本次前程百利小编要和大家分享的是在托福口语考试中的备考资料,希望这则托福口语背景知识可以帮助大家在托福口语考试中取得好成绩!
Idealism
Idealism, the philosophical view that the mind or spirit constitutes the fundamental reality, has taken several distinct but related forms. Objective idealism accepts common sense Realism (the view that material objects exist) but rejects Naturalism (according to which the mind and spiritual values have emerged from material things), whereas subjective idealism denies that material objects exist independently of human perception and thus stands opposed to both realism and naturalism.
Plato is often considered the first idealist philosopher, chiefly because of his metaphysical doctrine of Forms. Plato considered the universal Idea or Form--for example, redness or goodness--more real than a particular instance of the form--a red object, a good action.

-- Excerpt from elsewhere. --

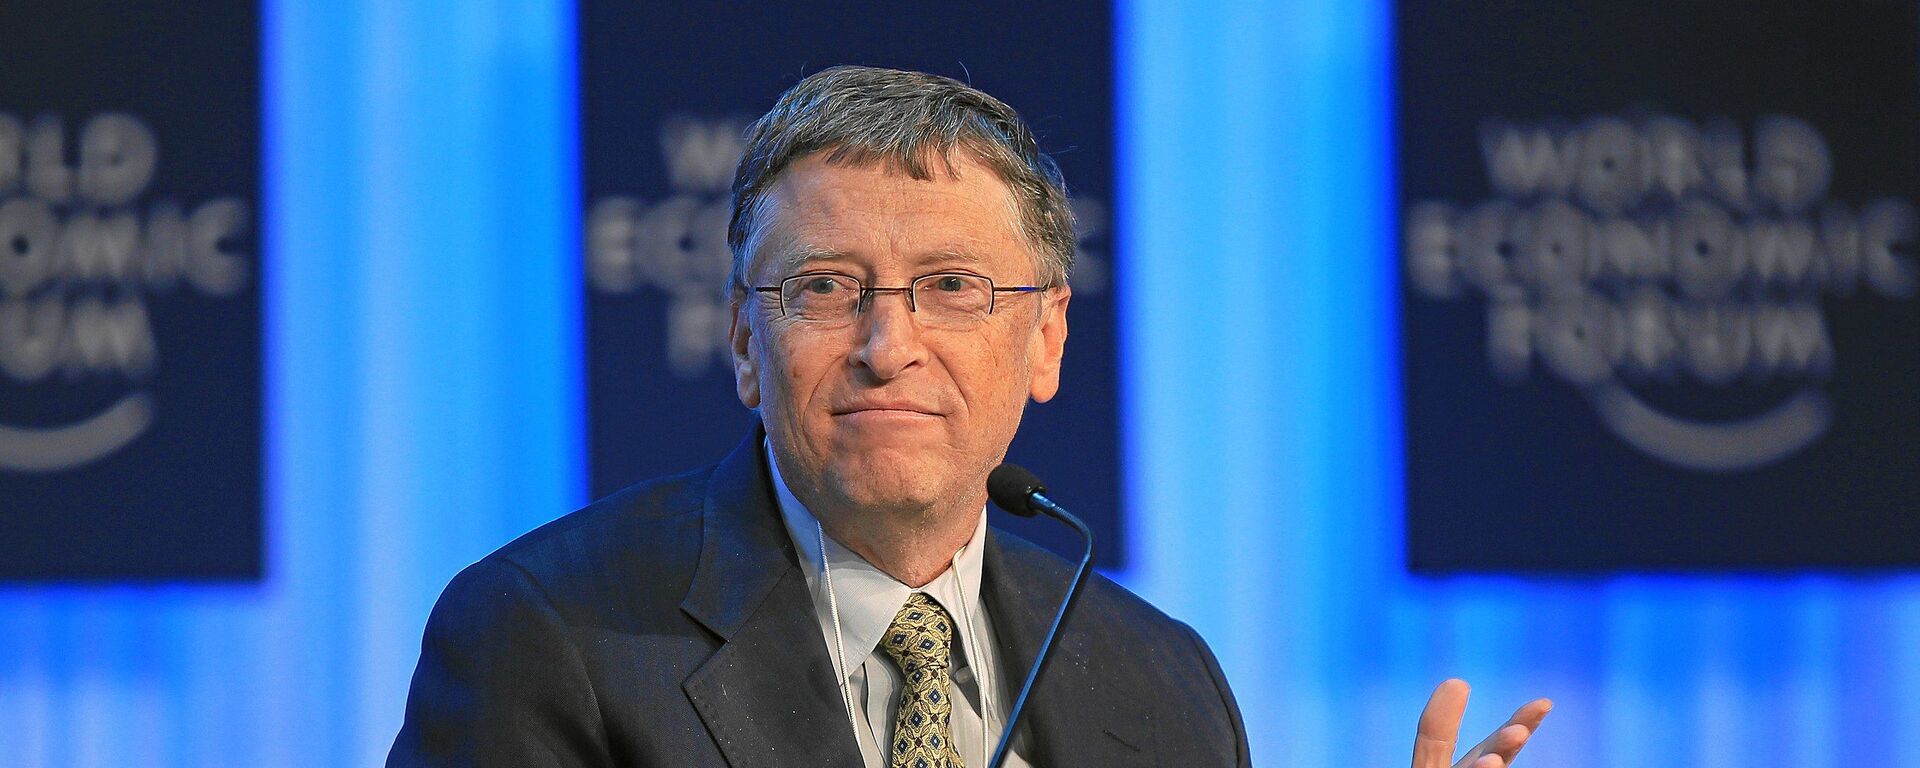 Milijarder i osnivač Majkrosofta Bil Gejts na Svetskom ekonomskom forumu 2013. godine - Sputnik Srbija, 1920, 05.05.2022

According to Plato, the world of changing experience is unreal, and the Idea or Form--which does not change and which can be known only by reason--constitutes true reality.
The 18th-century epistemologist George Berkeley was one of the major exponents of idealism. He held that the object of knowledge is an idea and that ideas can exist only in the mind; therefore, objects can exist only as objects of consciousness. Berkeley's dictum esse est percipi ("to be is to be perceived") has clear metaphysical implications. Indeed he called his theory immaterialism and intended it as a refutation of traditional materialism.

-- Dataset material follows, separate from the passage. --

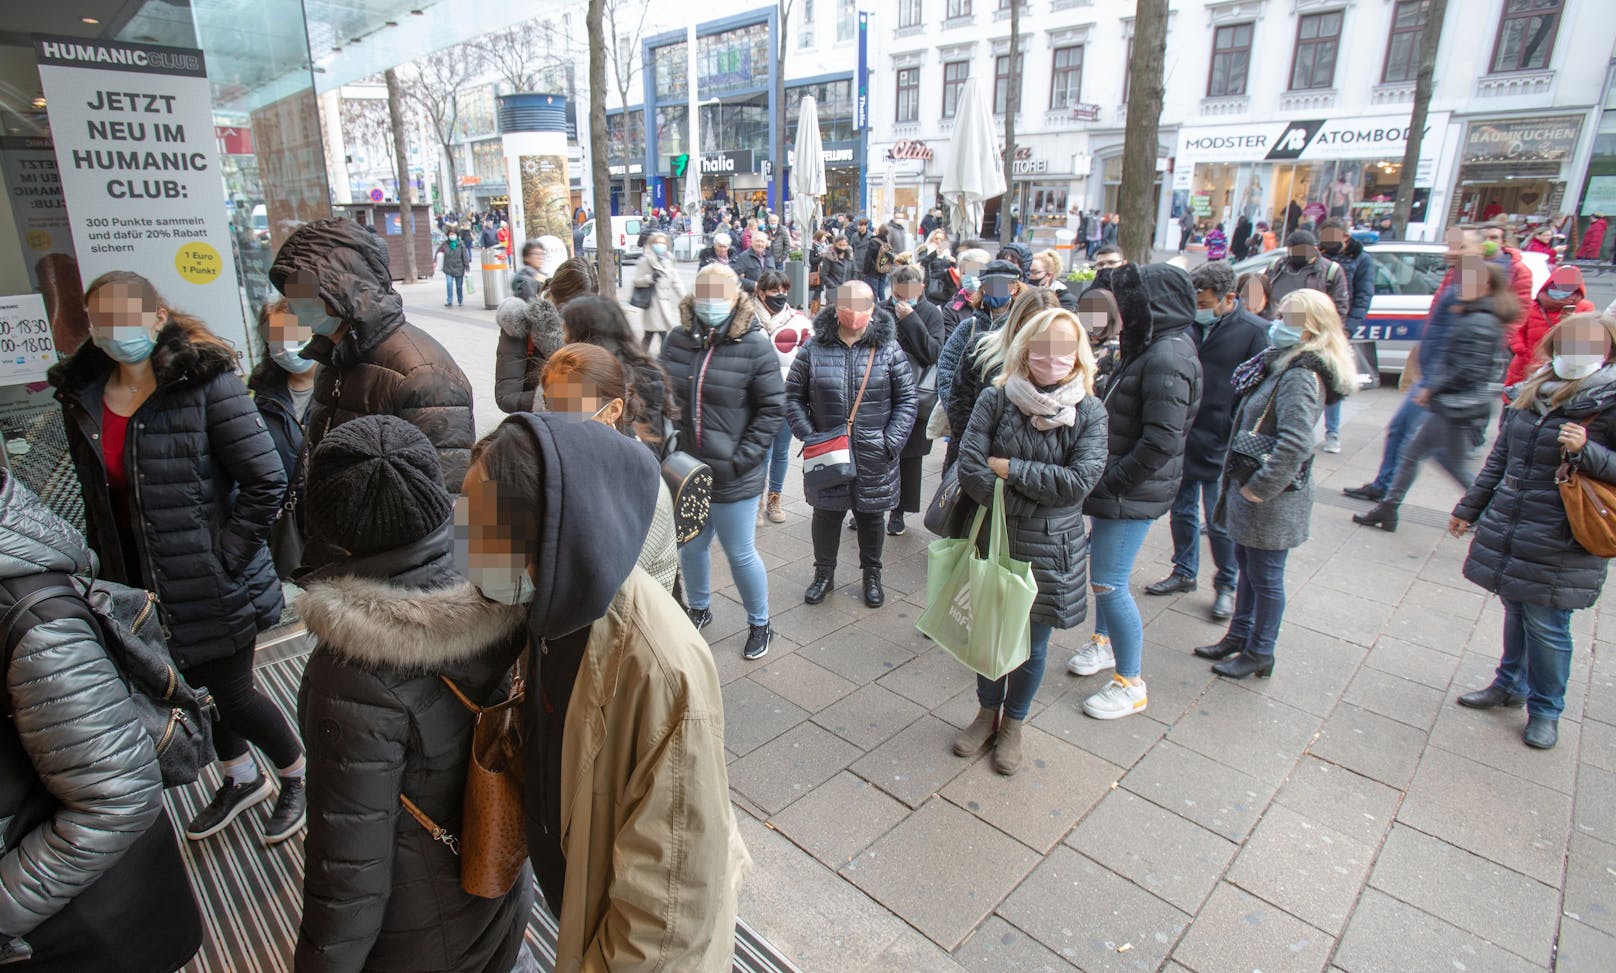 Shopping-Wahnsinn in Wien am Samstag. Zu diesen Bildern sagen die Experten: "Sie zeigen, dass es Maßnahmen braucht."

Immanuel Kant held that it is impossible to gain knowledge of the world by either reason or sense experience alone. Whereas in ordinary idealism the individual subject's awareness is the basic element of reality, in Kant's transcendental idealism the subject in general--not a particular subject, but the universal structure of all subjects--is the basic element of reality. This universal subject, the transcendental self, is the precondition of any knowledge of an objective world.
Kant's successor Johann Gottlieb Fichte postulated a creative Ego as the ultimate source of reality, which generates all change and all knowledge. Fichte's theory was elaborated in G. W. F. Hegel's absolute idealism. For Hegel reality is absolute Spirit or Reason, which manifests its development toward total self-consciousness in every aspect of experience from nature to human history. The English Hegelian F. H. Bradley argued that ordinary experience is fragmentary and contradictory and therefore appearance; reality, the Absolute, is a unified totality, which can be known only through a unique and absolute, perhaps mystical, experience.